Dnmt1 overexpression phenocopies the asymmetric epiboly phenotype of UHRF1 and UHRF1^S661A overexpressing embryos. (A) Developmental progression of uninjected and WT-dnmt1 overexpressing embryos at indicated stages. At High Stage (~3.3 hpf) all embryos appear normal, at 50% epiboly (~5.25 hpf) and Shield stage (6.0 hpf) arrows indicate asymmetric epiboly and lack of dorsal organizer. At Bud stage (10.0 hpf) arrow points to the front of the migrating cells indicating delayed completion of epiboly. At Prim-5 stage (24.0 hpf) arrows indicate severe defects in head and tail with lack of head and tail extension. (B) Embryos were scored at 6 hpf for asymmetric epiboly and delay following injection of 1, 10, 12.5, 25, 50 or 100 pg of WT-dnmt1 mRNA (sense) or 25, 50, or 100 antisense dnmt1 RNA as a negative control. The number of clutches, total number of embryos scored and percent of asymmetric epiboly are indicated. (C) Overexpression of catalytically inactive dnmt1^C1109S (MT-dnmt1) causes asymmetric epiboly. Asterisk indicates statistical significance (p<0.05) using Fisher′s exact test. The number of embryos and biological replicates are indicated. n.s.=not significant.

Asymmetric epiboly is specific to UHRF1 overexpression.

(A) Progression of embryonic development in uninjected and embryos injected with 100 pg of mRNA encoding EGFP. Effective EGFP mRNA translation was determined by fluorescence. EGFP overexpression does not elicit developmental abnormalities. Scale bar = 500 micrometers. (B) Embryos injected with 100 pg mRNA encoding zebrafish WT-Uhrf1 and Uhrf1^S648A develop asymmetric epiboly with a similar incidence as those injected with the human homologs. (C) Kaplan-Meier survival curve of WT-UHRF1 overexpressing embryos. Significance was determined by the Log-rank Test (p < 0.0001). (D) Graph of 24 biological replicates of WT-UHRF1 mRNA injected embryos scored at 6 hpf plotted with the total number of embryos per clutch per treatment with indicated phenotype distribution.

5-AZA treatment does not phenocopy uhrf1 morphants or UHRF1 over-expressing embryos.

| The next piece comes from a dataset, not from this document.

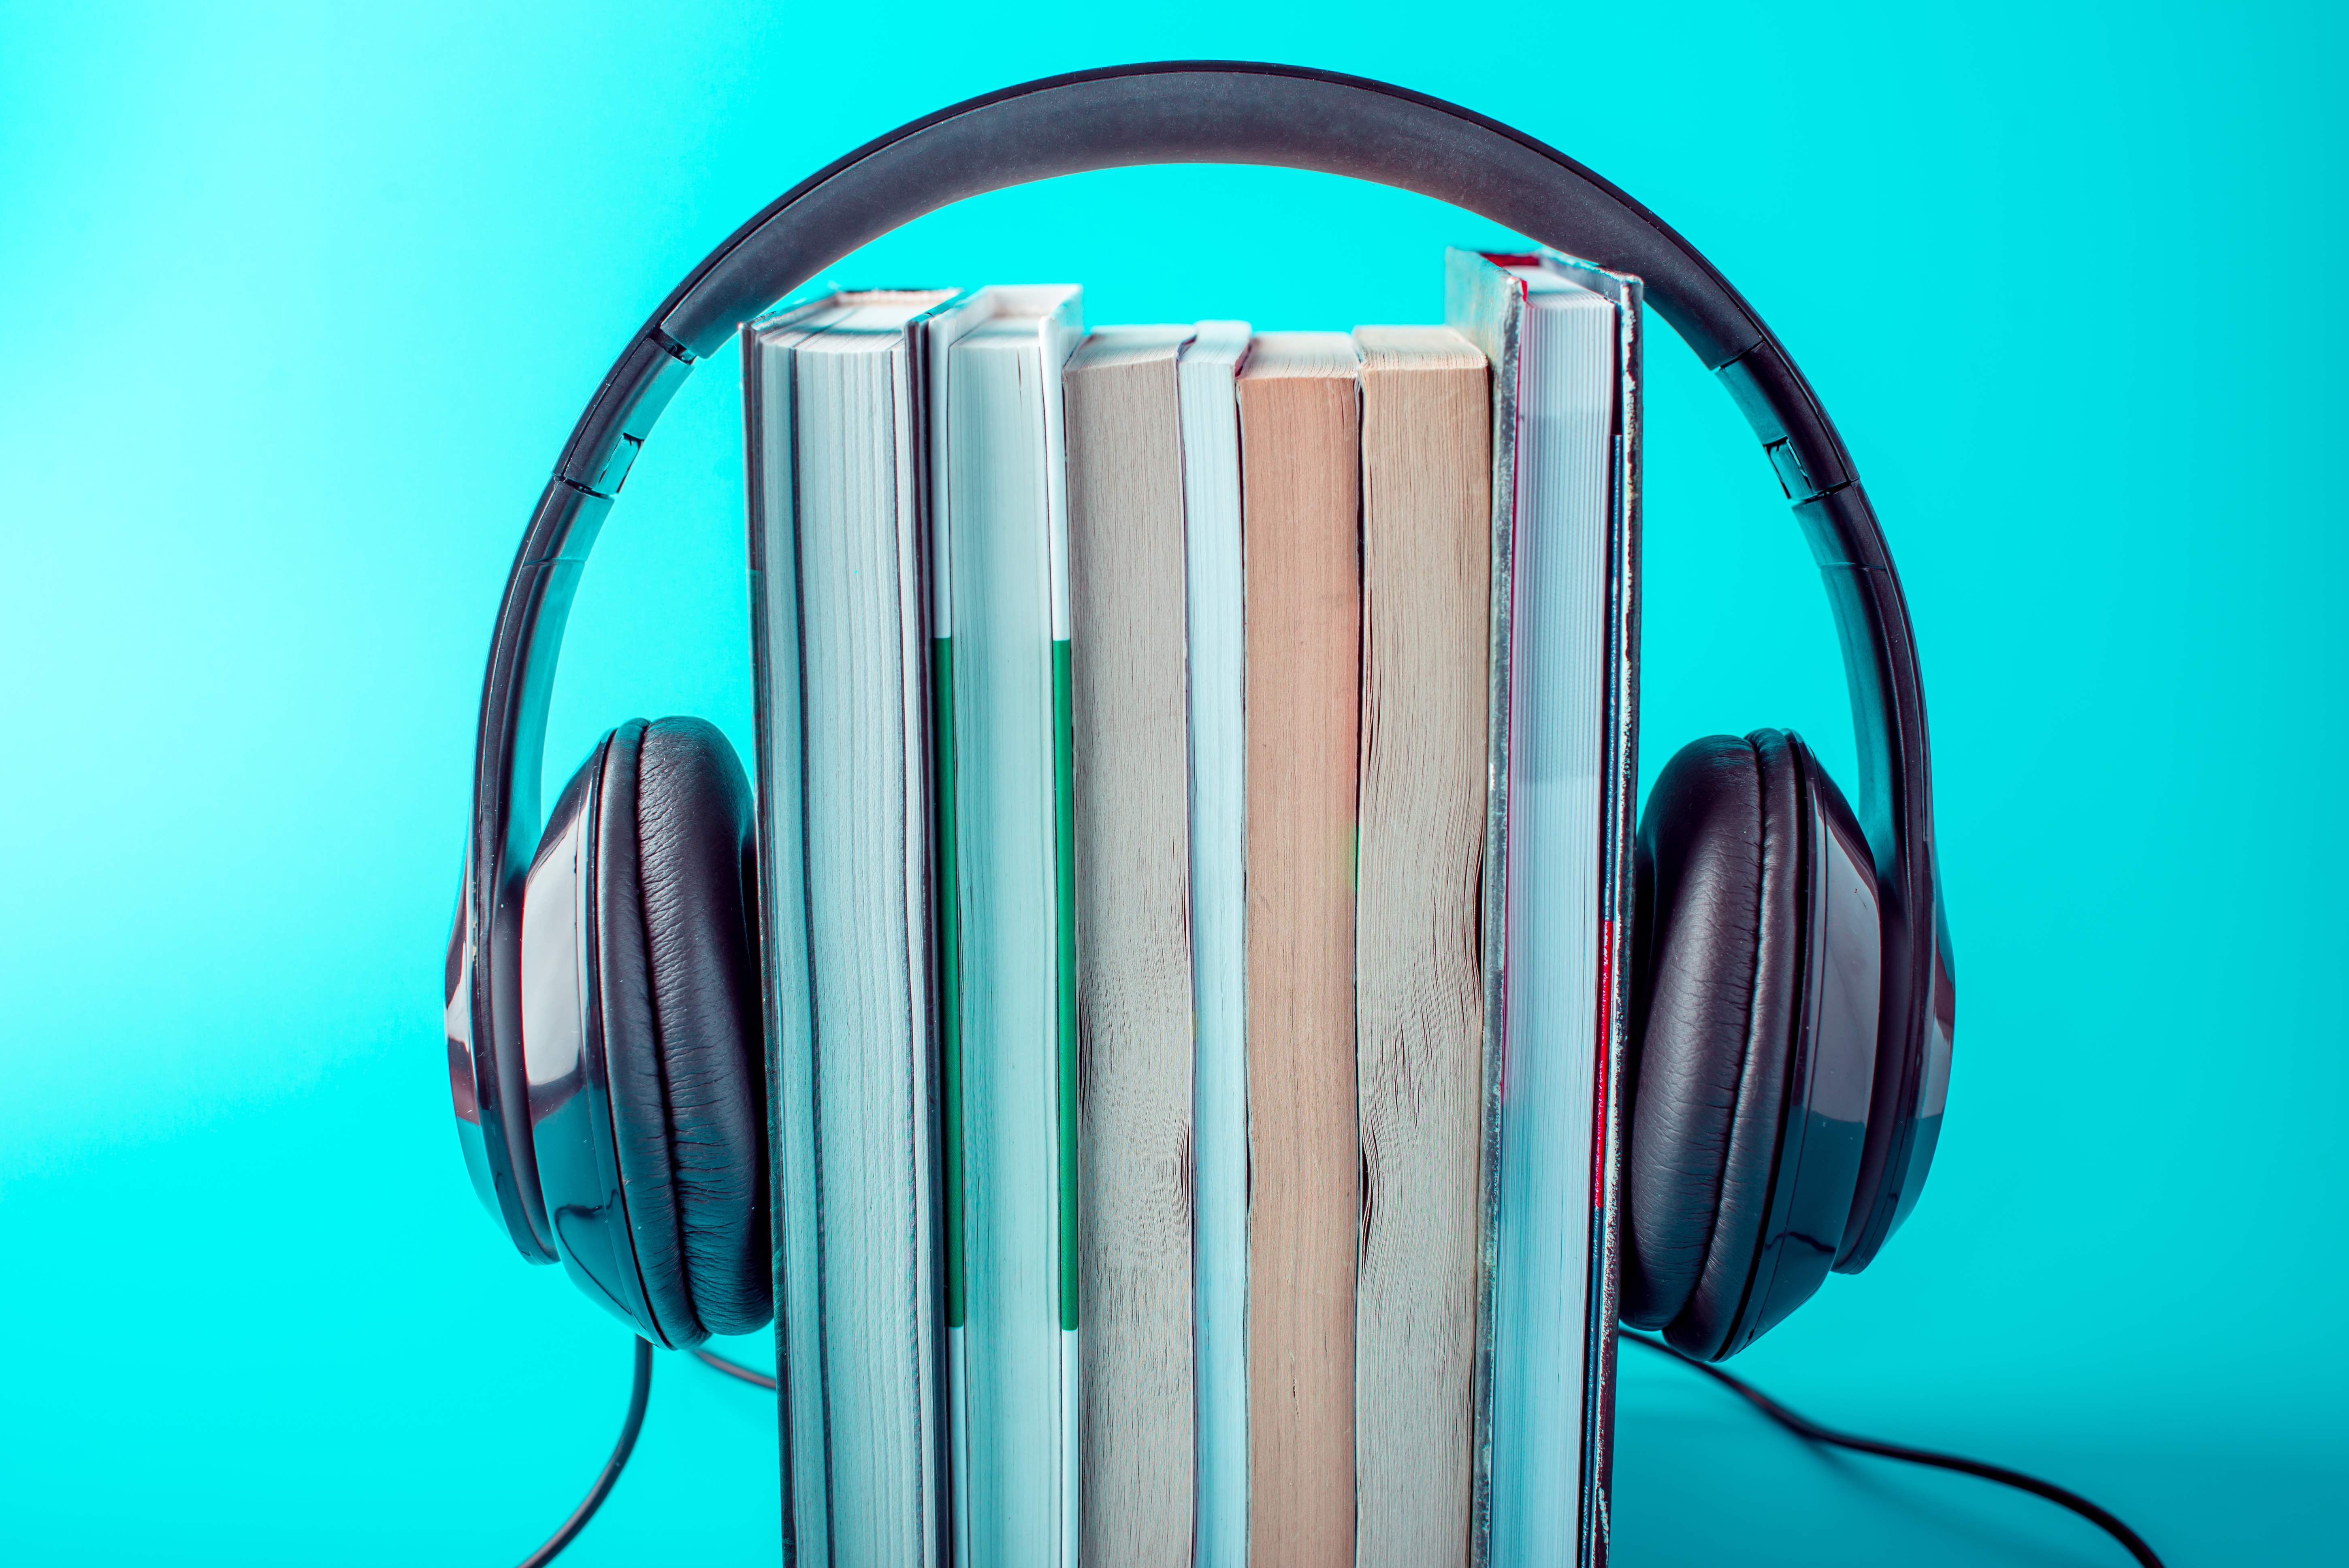 Are audiobooks the full book?

Embryos were exposed to 70 µM or 100 µM 5- AZA from 0.5 to 6 hpf. (A) Developmental progression of uninjected wild-type embryos and embryos exposed to 70 µM 5-AZA. Scale bar = 500 micrometers. (B) Quantification of sphere stage arrest with the number of embryos, the number of biological replicates, and proportion of embryos displaying sphere stage arrest are indicated. Statistical significance was calculated using Fisher’s exact test (p < 0.05). Asterisk indicates significance. (C) Kaplan-Meier survival curve.